The most fundamental move in Roy Bhaskar’s system of philosophy, the germ of everything that followed, was to reconceptualise the natural world in transcendental realist terms, ‘turning Kant around using his own method’. On this account, the universe is characterized by deep structures, mechanisms and fields that generate the flux of phenomena, and is in open, creative and emergent process. This completely recasts the terms of the debate between naturalism and anti-naturalism by remedying its false grounds and shows how philosophy can be liberated from its anthropocentric/anthropomorphic prison and rendered consistent with the best insights of modern natural science. There is necessity in nature quite independent of humans, but in an open world causation is multiple and conjunctural, the actual course of the unfolding of being is highly contingent and the bases of human freedom can be understood scientifically.

Written as a DPhil thesis when Bhaskar was in his mid-twenties, Empiricism and the Metatheory of the Social Sciences brilliantly launches this reconceptualisation and explores its implications for social science in the course of carrying through the metatheoretical destruction of empiricism. It will be indispensable reading for anyone interested in the development of Bhaskar’s thought, in transcendental realism, and in the critique of empiricism, more generally of the philosophical discourse of Western modernity.

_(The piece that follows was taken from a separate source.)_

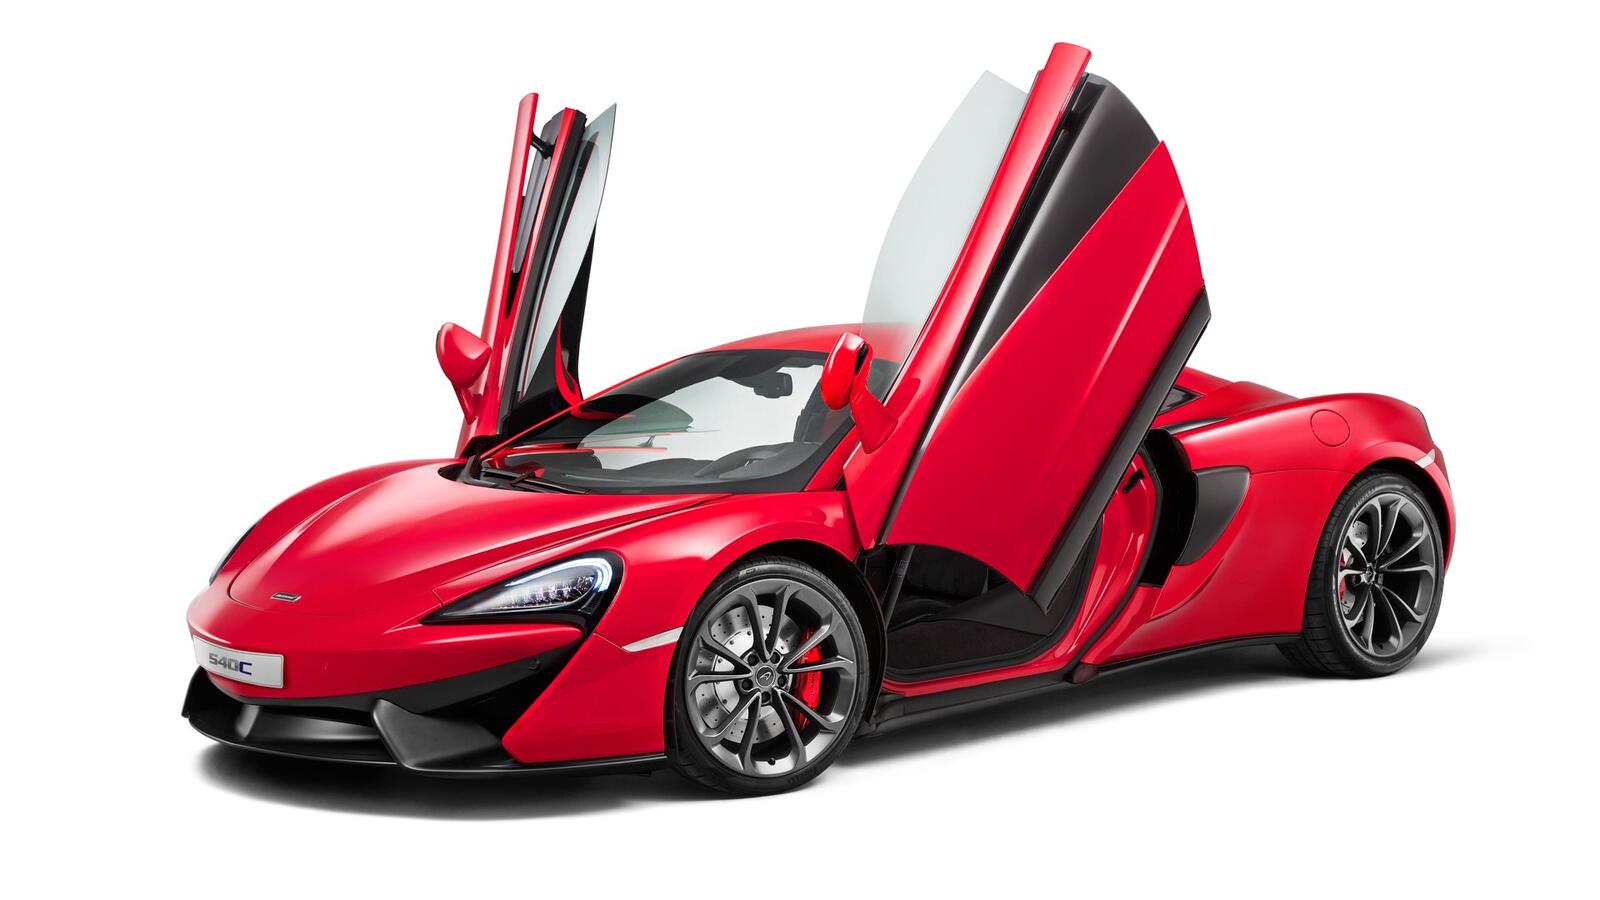 Wallpapers mclaren 540c supercar luxury vehicle on the desktop

Roy Bhaskar (1944–2014) was the originator of the philosophy of critical realism and the author of many acclaimed and influential works, including A Realist Theory of Science; The Possibility of Naturalism; Dialectic: The Pulse of Freedom; The Philosophy of MetaReality; Enlightened Common Sense and (with Mervyn Hartwig) The Formation of Critical Realism.

Mervyn Hartwig is founding editor (retired) of Journal of Critical Realism and editor and principal author of Dictionary of Critical Realism.